Após os vistos legais, cumpre decidir.
II. Questões a decidir:
Se bem interpretamos as alegações de recurso, a recorrente suscita duas questões distintas, embora conexas, que caberá agora decidir:
i) Saber se a situação de invalidez em que se encontra actualmente o autor tem origem numa patologia pré-existente à celebração do contrato de seguro, conhecida do autor e não informada por este e, na afirmativa, se essa situação gera a nulidade do contrato de seguro.
ii) Saber se ao apresentar a sua proposta de adesão ao seguro de grupo o autor escondeu à seguradora informações sobre o seu estado de saúde por si conhecidas e essas informações eram relevante para a celebração do contrato ou para os termos do mesmo e, na afirmativa, qual a consequência dessa omissão de informação.
III. Os factos:
Na decisão recorrida foram julgados provados os seguintes factos:
1. Em 26 de Abril de 2007, através de escritura pública, os autores celebraram com o Banco réu, através de uma agência em Vila Nova de Gaia, um mútuo com hipoteca destinado a aquisição de habitação própria, no valor de € 79.400,00.

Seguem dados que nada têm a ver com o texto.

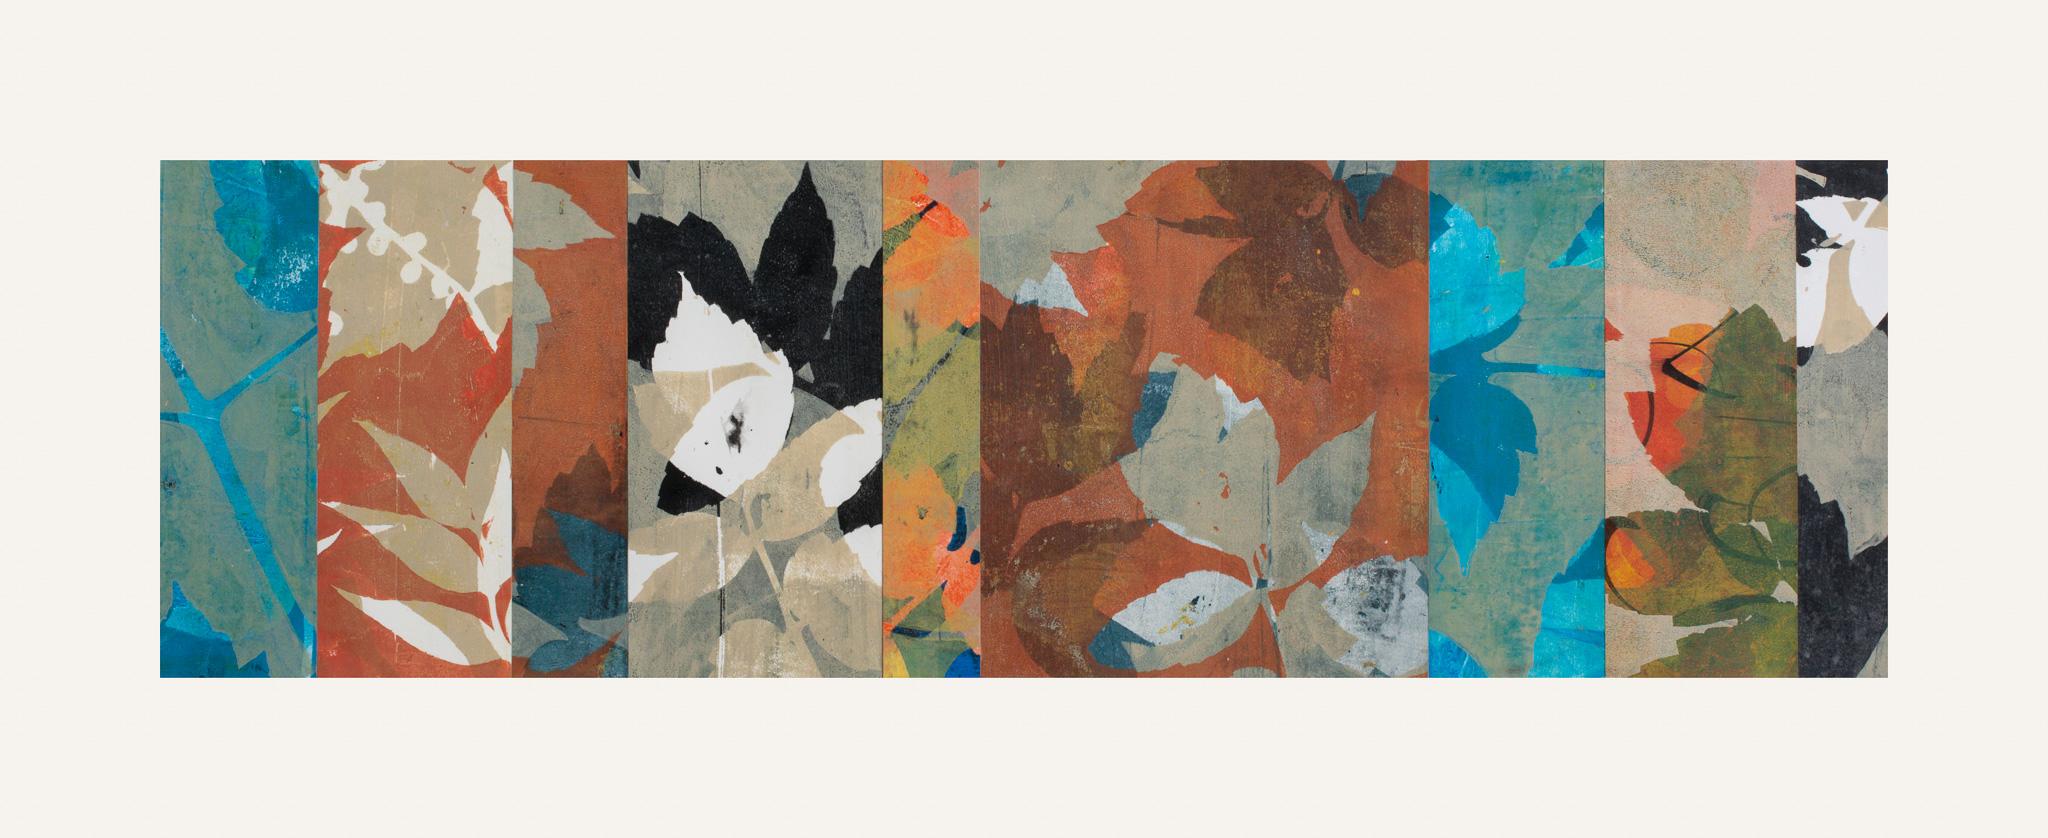 "Autumn Haze 1, 11"" x 30,"" Monoprint collage"

2. Para o empréstimo, o 2º réu exigiu que os autores subscrevessem um seguro de vida que ficasse a garantir o reembolso do capital, tendo sugerido a modalidade de adesão a seguro de grupo.
3. A proposta de adesão foi subscrita pelos autores a 22-03-2007, e a 1ª ré aceitou e emitiu o contrato de seguro de vida associado ao crédito à habitação contraído junto do 2º réu, identificado pelo certificado individual n.º …….. (apólice de grupo n.º …….), com início em 26-04-2007, e coberturas de morte ou invalidez total e permanente para o capital inicial de € 79.400.
4. O tipo de seguro contratado é na modalidade de seguro de adesão ou de grupo, em que a pessoa segura é cada um dos autores, o banco mutuante o tomador e beneficiário, mediante o qual a 1ª ré se obrigou a pagar ao banco mutuante, 2º réu, em caso de morte ou invalidez de qualquer dos autores, o valor do mútuo em débito.
5. O prémio do seguro contratado (anual) era pago em 12 mensalidades, incorporadas no pagamento da prestação do empréstimo, estando os autores em dia no cumprimento dessas prestações.
6. Após submissão a Junta Médica, foi atribuída ao autor marido pela Segurança Social uma incapacidade de 66%, e reconhecida a situação de reforma em 02-01-2013.
7. O autor marido nasceu em 28-06-1965, era metalúrgico de profissão, não está ao trabalho desde 2011, e o único rendimento de que agora dispõe é o da pensão de reforma paga pela Segurança Social, no montante de €379,04.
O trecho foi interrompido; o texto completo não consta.